# >>>The Official 2013 H20i TT GTG Roll Call<<<



## PLAYED TT (Oct 17, 2010)

Well its that time of the year to start making your plans, booking your rooms and worrying about what you need to get ready by September! I'll keep this updated as we go on and the event gets closer. If this years event is anything like last years we should have an even better turn out! So spread the word and let anyone with a TT know! 
While none of this is set in stone yet, this is a good idea of whats to come
Date: 9/28/2013
Time: 5:30pm
Location: Rose's on 94th (same as last year)


This year I'm thinking of (gasp) splitting up the cars so we have all of the "stanced" cars and "race" cars split up:laugh:. One type on one side of an isle and vice versa.
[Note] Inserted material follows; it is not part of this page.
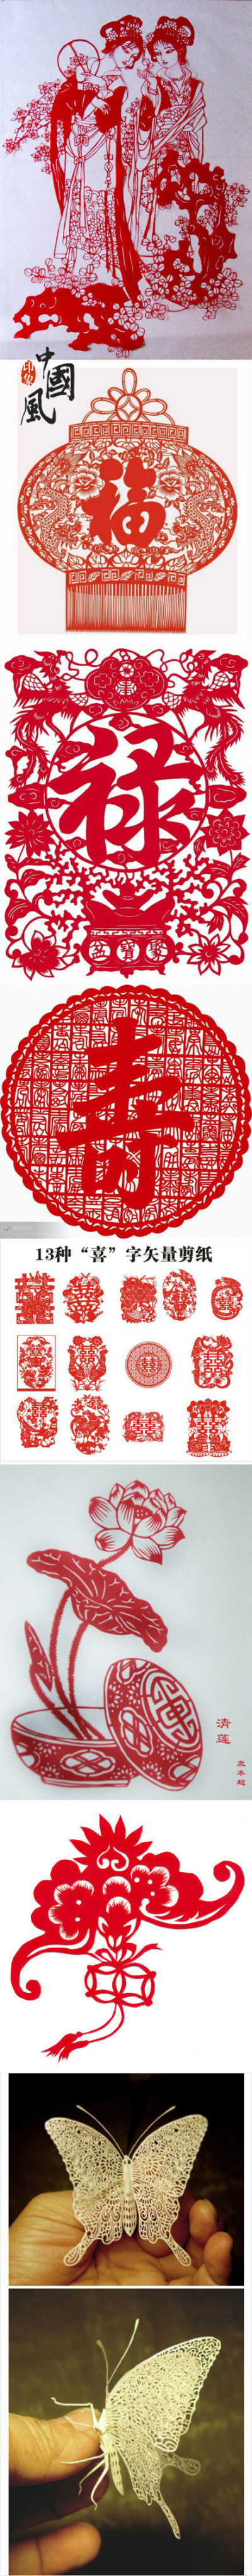 中国传统文化之剪纸艺术。美爆了！！

Both rows facing the other. Thoughts?


Now onto the fun stuff
*Everyone who plans to attend please follow this format*
1)Quote the last current post so we can get an approximate number of those attending!
2)Add your name to the list! (if needed add more numbers)



MKI TT
1)James
2)Mike 
3)Doug
4)Phil
5)Dmitry
6)Ben (if I'm in the country)
7)Seth 
8) Luc
9)Robert
10) Tory
11)214dub
12)elgringogilleo
13)kyle
14)Dacabrioguy
15)Jarred
16)alfred
17)Brie
18)Mike
19)Mark

MKII TT
1)GirlyGirlRacing
2)Bull30
3)RisR32
4)
5)
6)
7)
8)
9)
10)
I'll also be posting a link in the MKII forum so they can join in and keep up to date with the news. If anyone has any suggestions comments or concerns post them up so we can all make this the best TT GTG yet!
-James


----------



## FatAce (Jan 30, 2012)

PLAYED TT said:


> *MKI TT*
> 1)James
> 2)Mike
> 3)
> ...


I'll be there!!!


----------



## Doooglasss (Aug 28, 2009)

Why isn't my name on the list yet chief?


----------



## PLAYED TT (Oct 17, 2010)

DougLoBue said:


> Why isn't my name on the list yet chief?
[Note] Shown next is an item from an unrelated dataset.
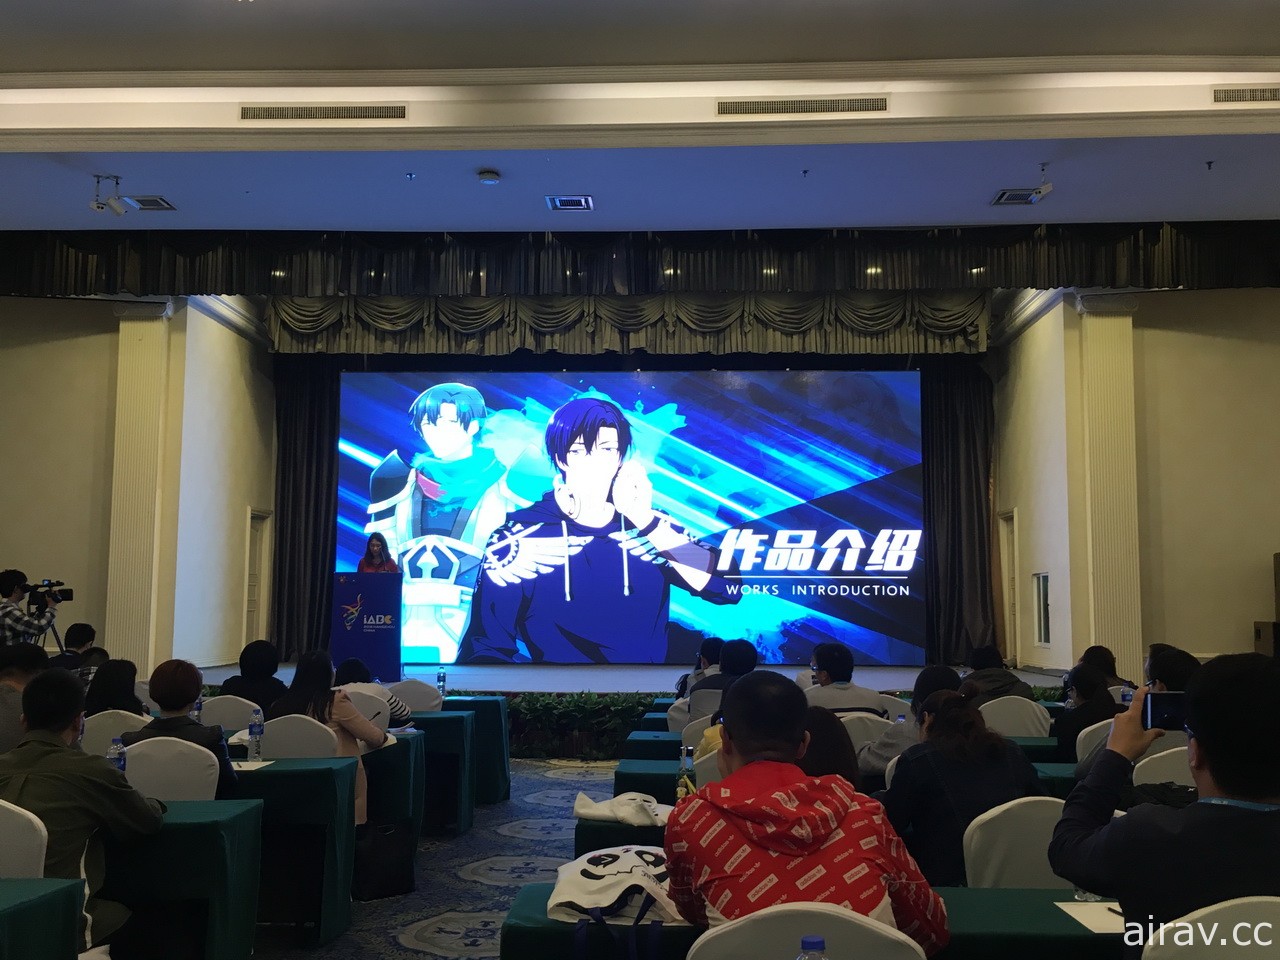 2018 第 14 届杭州中国国际动漫节开幕记者会 预告明日活动内容亮点

My b ill just add you all that I know will be there lmao


----------



## PLAYED TT (Oct 17, 2010)

PLAYED TT said:


> 1)James
> 2)Mike
> 3)Doug
> 4)Noah
> ...


:thumbup:


----------



## dmitry88 (Apr 26, 2006)

Today 11:13 AMPLAYED TT
Originally Posted by PLAYED TT 
1)James
2)Mike 
3)Doug
4)Noah 
5)Phil
6)Dmitry
7)
8)
9)
10)


----------



## Neb (Jan 25, 2005)

I swear I'll do my best to make it this time haha. I may be on a different continent during that time though...

1)James
2)Mike 
3)Doug
4)Noah 
5)Phil
6)Dmitry
7)Ben (if I'm in the country)
8)
9)
10)


----------



## PLAYED TT (Oct 17, 2010)

Ben I don't want excuses lol


----------



## sthmck (Jan 22, 2013)

Neb said:


> 1)James
> 2)Mike
> 3)Doug
> 4)Noah
> ...


This will be my first time going, looking forward to it.


----------



## lucpost (Dec 19, 2011)

I'm about 90% on making the trip, as long as nothing comes up. So count me in: 

1)James
2)Mike 
3)Doug
4)Noah 
5)Phil
6)Dmitry
7)Ben (if I'm in the country)
8)Seth 
9) Luc
10)


----------



## [email protected] (May 14, 2009)

I will be there. No TT tho


----------



## PLAYED TT (Oct 17, 2010)

[email protected] said:


> I will be there. No TT tho


You get to park in the "spectator" section:laugh:


----------



## [email protected] (May 14, 2009)

PLAYED TT said:


> You get to park in the "*Awesome Spectator*" section:laugh:


fixed


----------



## meechelle (Jul 20, 2009)

Adding this to the consolidated list in the H2o forum. And I'll swing by although if all goes well I'll have the GTI and the TT will be resting at home


----------



## Doooglasss (Aug 28, 2009)

[email protected] said:


> fixed


I'm joining the peanut gallery I hear there's a beverage stand w/ Bluepoint sponsorship :beer:


----------



## [email protected] (May 14, 2009)

DougLoBue said:


> I'm joining the peanut gallery I hear there's a beverage stand w/ Bluepoint sponsorship :beer:


:laugh: opcorn: :beer:


----------



## Rford71 (Sep 1, 2011)

1)James
2)Mike 
3)Doug
4)Noah 
5)Phil
6)Dmitry
7)Ben (if I'm in the country)
8)Seth 
9) Luc
10)Robert

I'm not sure what group my car falls into"stanced" cars and "race". But I'll be there!

Robert


----------



## PLAYED TT (Oct 17, 2010)

meechelle said:


> Adding this to the consolidated list in the H2o forum. And I'll swing by although if all goes well I'll have the GTI and the TT will be resting at home


Danke :beer:


----------



## lucpost (Dec 19, 2011)

Where's everyone staying ? Specific hotel?


----------



## PLAYED TT (Oct 17, 2010)

94 days and 8 hours bump


----------



## Doooglasss (Aug 28, 2009)

PLAYED TT said:


> This year I'm thinking of (gasp) splitting up the cars so we have all of the "stanced" cars and "race" cars split up:laugh:. One type on one side of an isle and vice versa. Both rows facing the other. Thoughts?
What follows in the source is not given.